В гостинице сидеть было худо. Закутка темная, сырая. Семен садился на кровать и бубнил про свое вполголоса.

— Ты смотри на духу то все расскажи. Обстоятельно. Ежели не все расскажешь, так ты смотри.

Варвара молчала.

За перегородкой купец с гимназистом требовали самовары, пили чай. Набожно вздыхал чиновник.

За другой перегородкой ворчала учителева жена, осуждала порядки.

— Стоят да на воду смотрят. Это спасенье? За трапезой горчицей оскверняются! Это спасенье?

Снова бродили по берегу, по монастырским коридорам.

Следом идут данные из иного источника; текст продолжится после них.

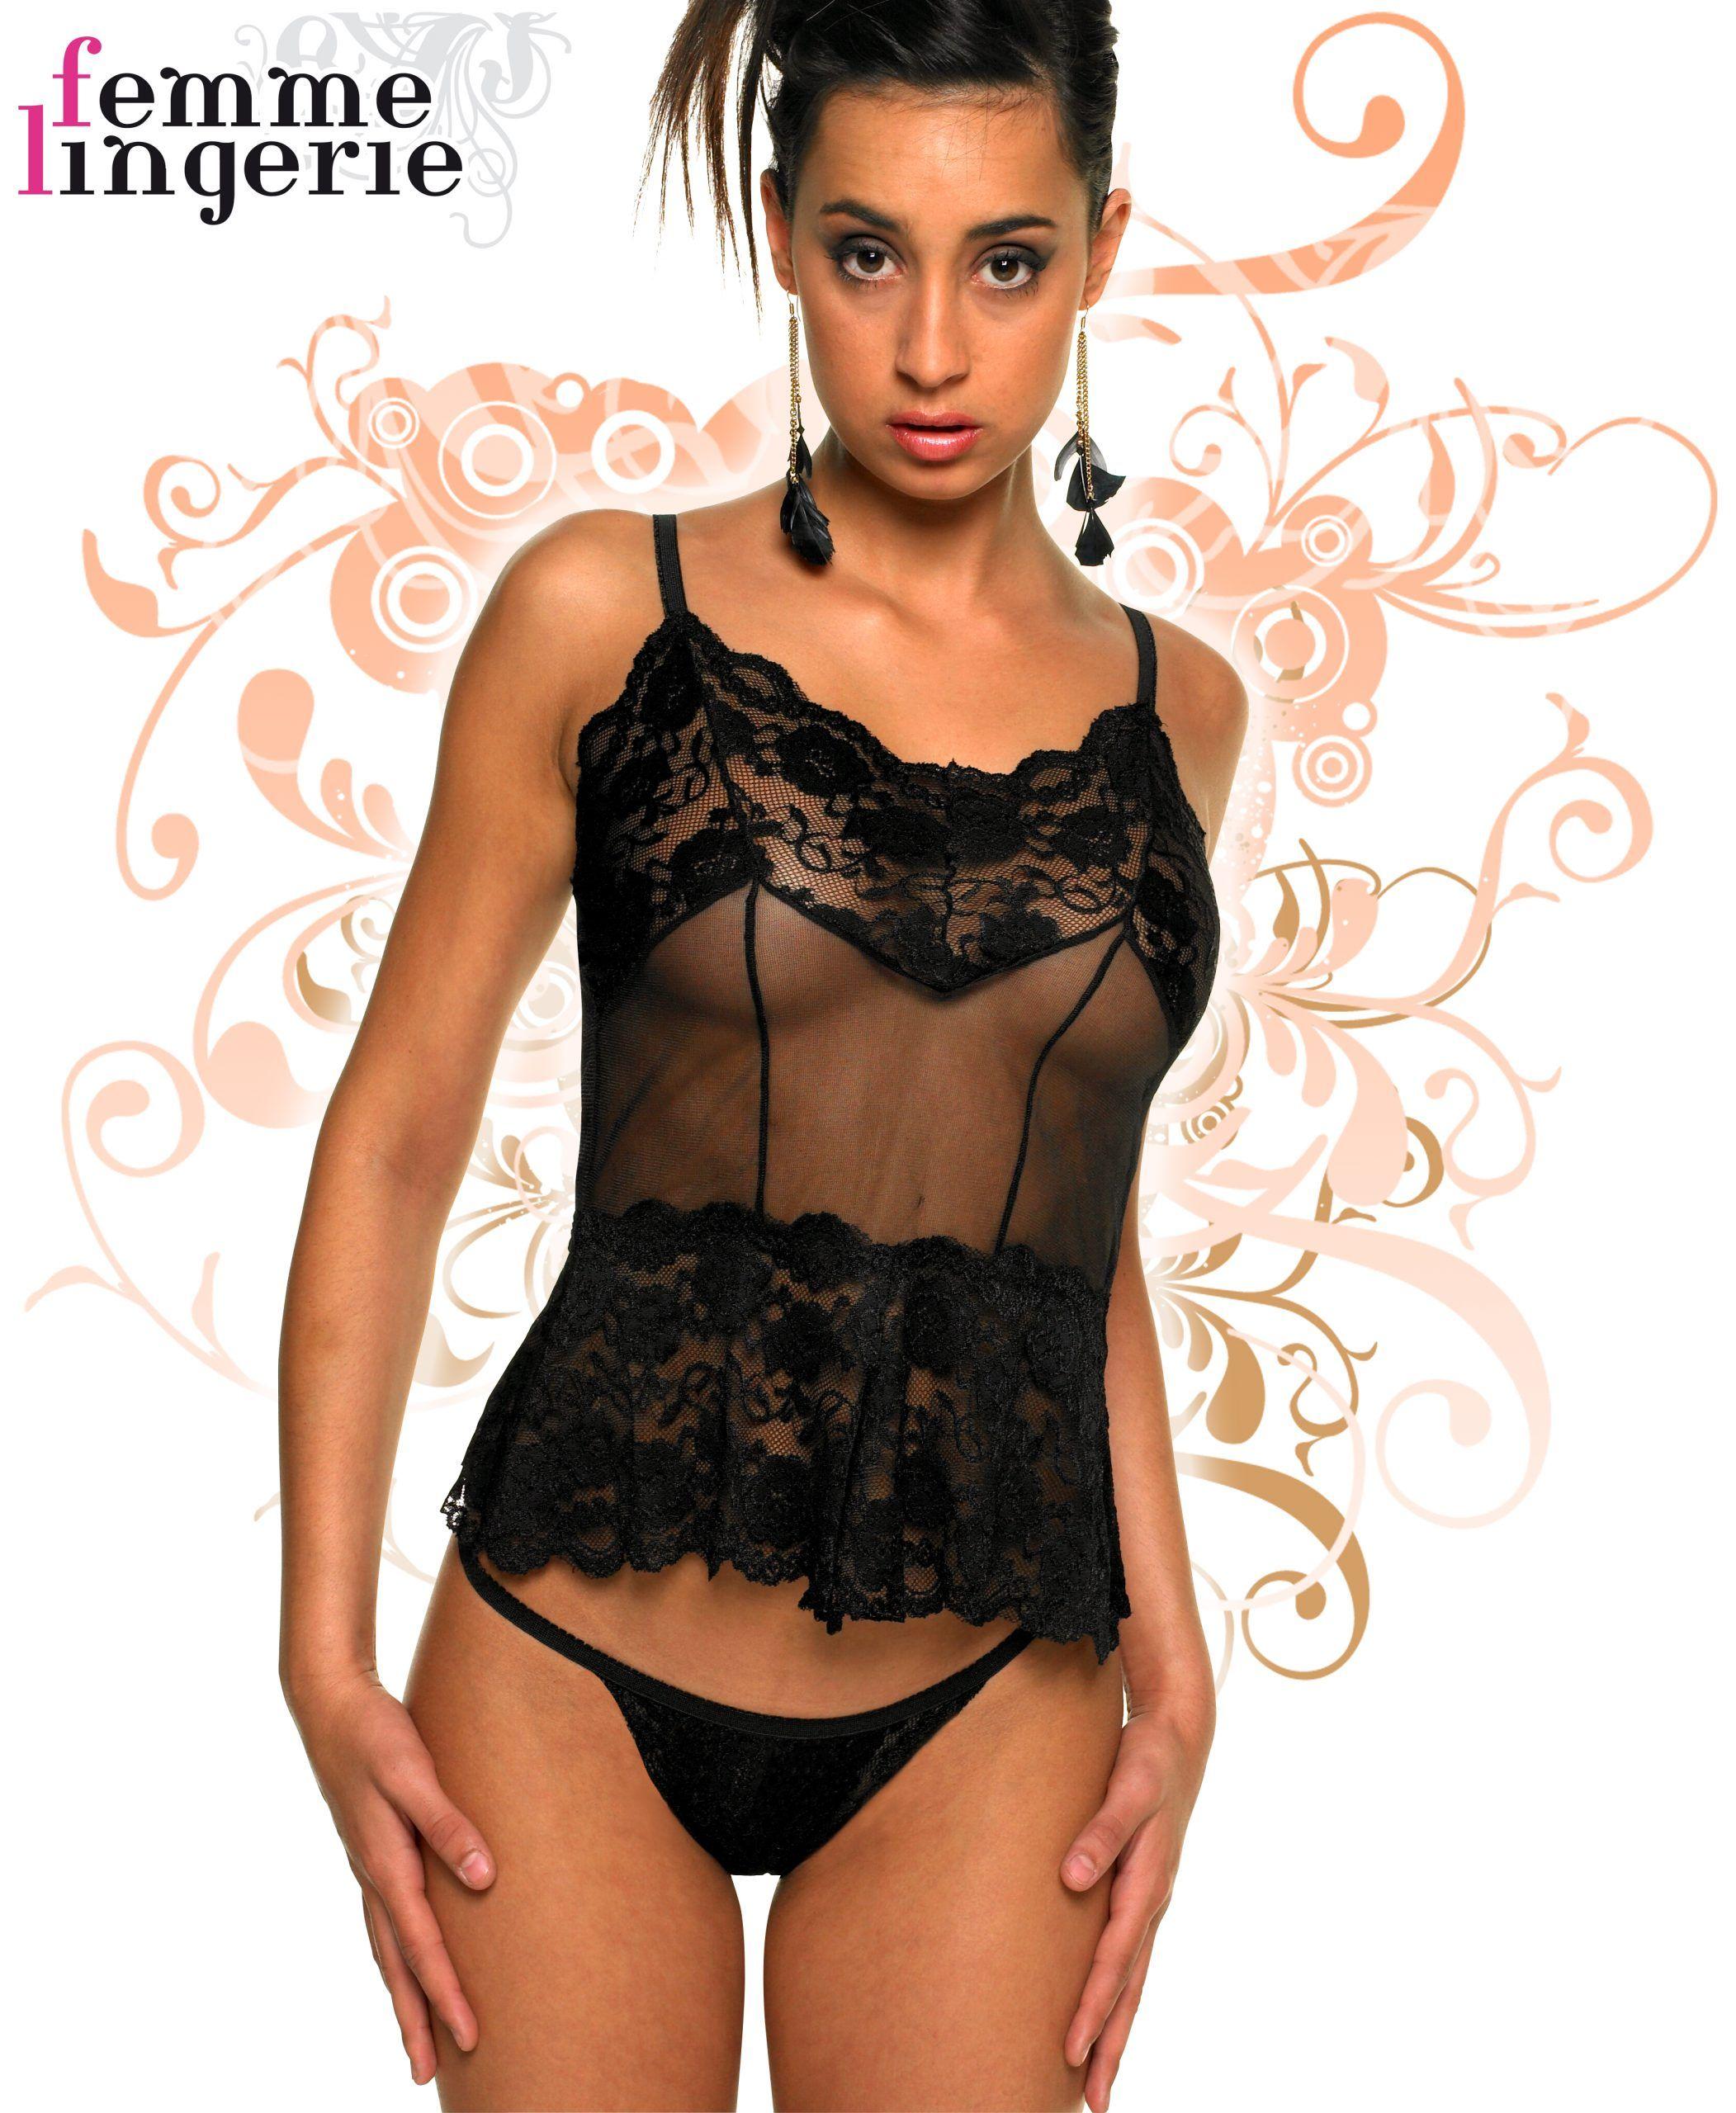 Femme Lingerie | Fotografía | Diseño web
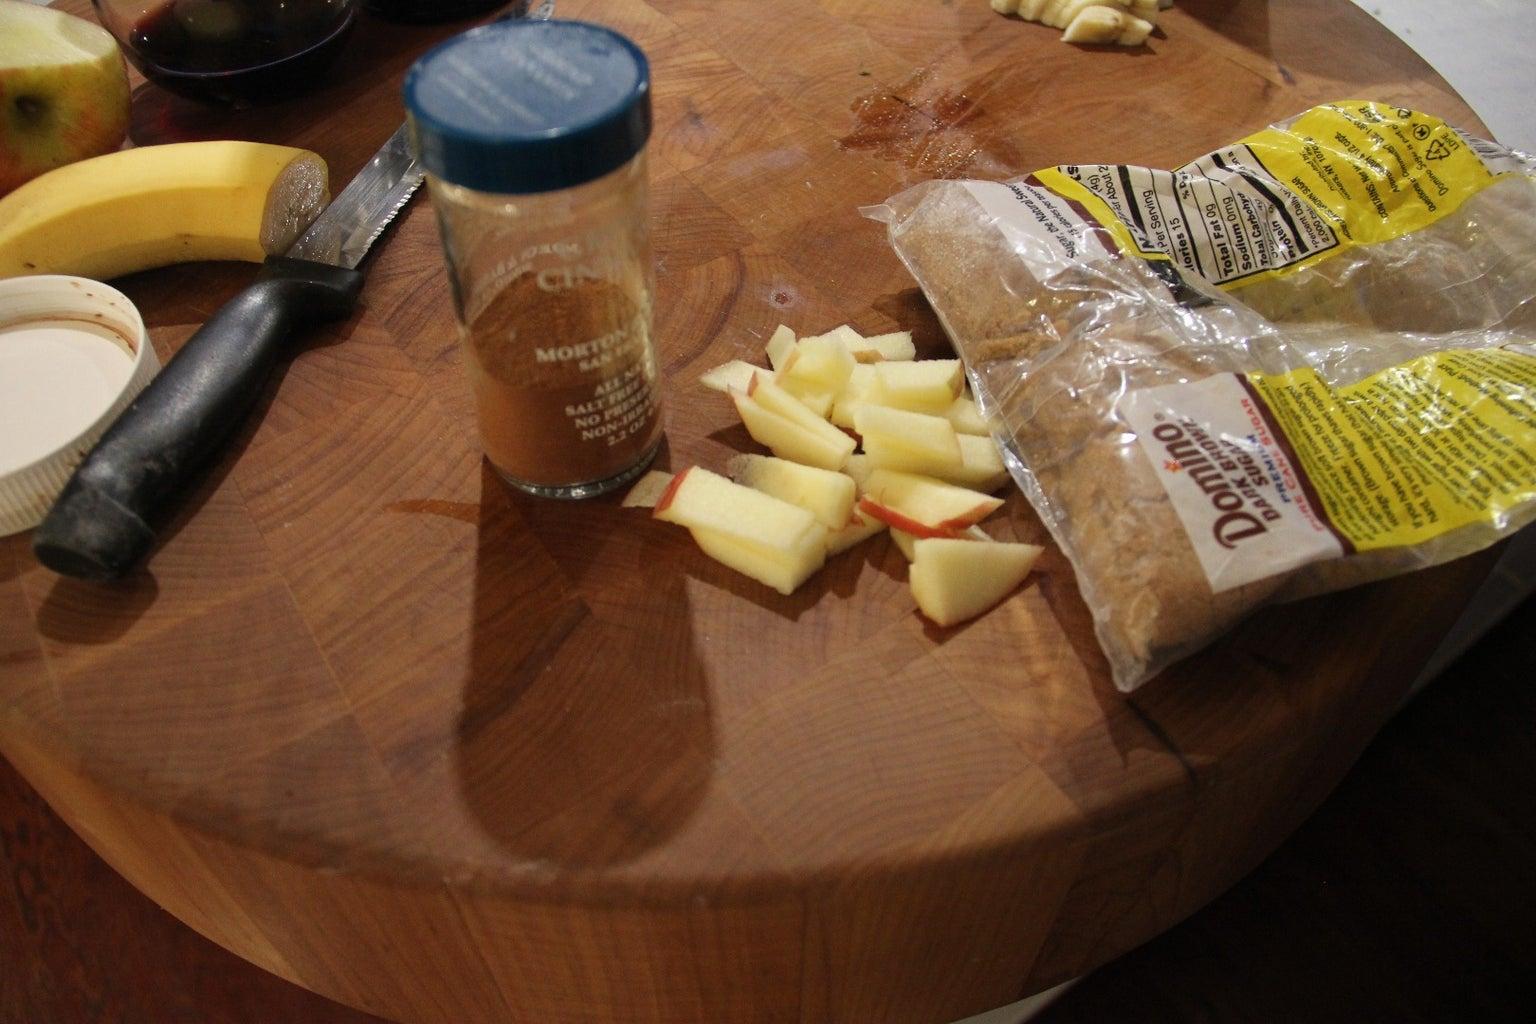 Apples and Brown Sugar and Cinnamon !

Смотрели картинки страшного суда и притчей Господних. Огромное бревно, упирающееся в глаз грешника, видящего «сучец в глазу ближнего». И дьявол, прельщающий красотою, выраженный художником в виде песьей, довольно симпатичной морды, мохнатых лап с перепонками, хвоста винтом и скромного коричневого передничка, подвязанного на животе. И душистая легенда о цветах именуемых липки, как молилась братия во храме, а дьявол ходил между молящимися и невидимо наделял их розовыми цветами, и кому доставался цветок, тот не мог больше молиться, а тайком уходил на волю, в соблазн весеннего солнца и трав, пока не был дьявол уличен святым старцем. И всякие мытарства и хождения по мукам, грехи и мучения, грехи и мучения…

К вечеру позвали в трапезную. Женщин отдельно.

Рядом с Варварой села баба в коросте. Напротив старуха — утиный нос. Перед тем как зачерпнуть из общей чашки, старуха длинным, вялым, как тряпка, языком облизывала ложку со всех сторон. Пили пресный, чуть отдающий мятой монастырский квасок, ели уху из соленой трески, уныло гнусил монах чтение: «Блуд, блуд, диавол…»

Ночи не было, и в безоконную закутку через не доходящую до потолка перегородку лился мутный, не бросающий тени свет.